The announcement boosted market sentiment, triggering a broad-based rally and adding significantly to market capitalisation, according to market insiders.
The benchmark DSEX index rose 64 points, or 1.22%, to close at 5,328. Over the past four trading sessions, the index has gained a cumulative 125 points.
The blue-chip DS30 index also advanced strongly, climbing 34 points to finish at 2,030.
Market breadth remained positive, with 217 issues advancing, 117 declining, and 60 remaining unchanged.
Total market capitalisation at the premier bourse increased by Tk5,400 crore in a single day, while turnover rose 4% to Tk902 crore.
The minister also said the government would prioritise improving auditing standards and financial disclosure requirements to rebuild market credibility and attract foreign institutional investors.

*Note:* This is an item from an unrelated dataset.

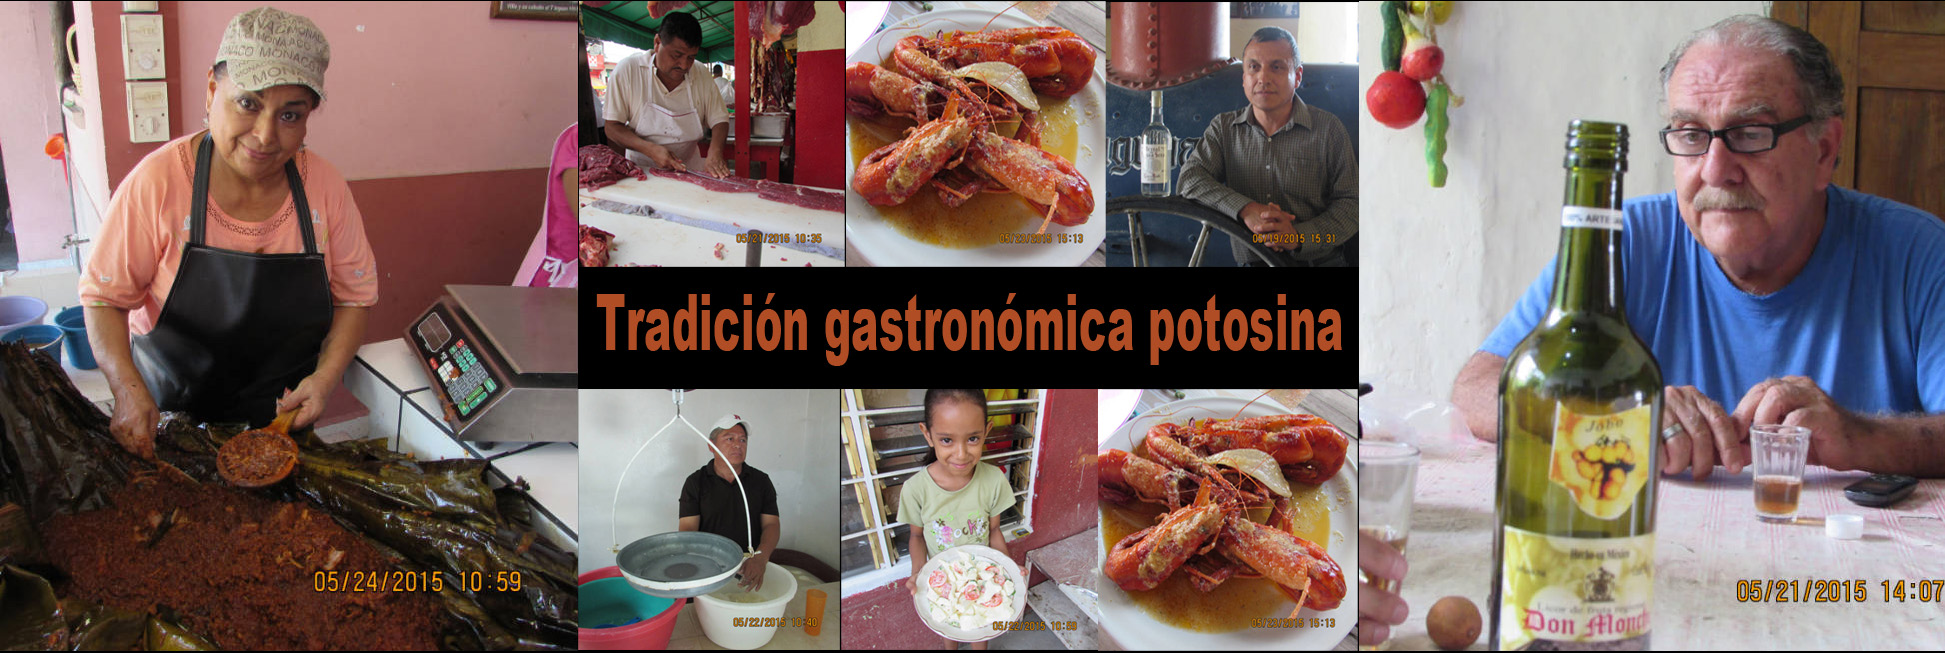 Libro de tradición gastronómica de Potosina

According to EBL Securities’ daily market review, the market opened strongly from the first trading bell, supported by aggressive buying in large-cap banking and telecom stocks.
The brokerage house said expectations of meaningful reforms, early signs of domestic macroeconomic stabilisation, and easing geopolitical tensions around the Strait of Hormuz – which had earlier dampened investor risk appetite – helped sustain the rally ahead of the Eid holidays.
Banking and telecom stocks led the gains, with major index contributors including BRAC Bank, Grameenphone, Robi Axiata, Square Pharmaceuticals, and City Bank.
Sector-wise, engineering stocks dominated turnover, accounting for 15.7% of total transactions, followed by pharmaceuticals at 15.4% and general insurance at 12.9%.
The cement sector posted the highest gain, rising 3.3%, followed by services at 2.8% and banking at 2.1%. The information technology sector was the only major laggard, declining 1.9%.
Several loss-making companies also featured among the day’s top gainers, indicating renewed speculative activity among some investors. Meghna Cement Mills topped the gainers’ list with a 9.86% rise, followed by Emerald Oil Industries, Aramit Cement, Regent Textile Mills, and Sena Insurance.
On the losing side, Daffodil Computers shed 9.36%, followed by Premier Leasing & Finance, Apex Spinning & Knitting Mills, and CAPM BDBL Mutual Fund 01.
In terms of liquidity, Asiatic Laboratories emerged as the most traded stock, followed by NCC Bank, RD Food, Mir Akhter Hossain, and Jamuna Bank.
The upbeat mood also spilled over to the Chittagong Stock Exchange (CSE), where key indices posted sharp gains. The Selective Categories’ Index (CSCX) rose 81 points to 9,131, while the All Share Price Index (CASPI) gained 138 points to close at 14,838.
However, turnover at the port city bourse fell 20% to Tk24 crore.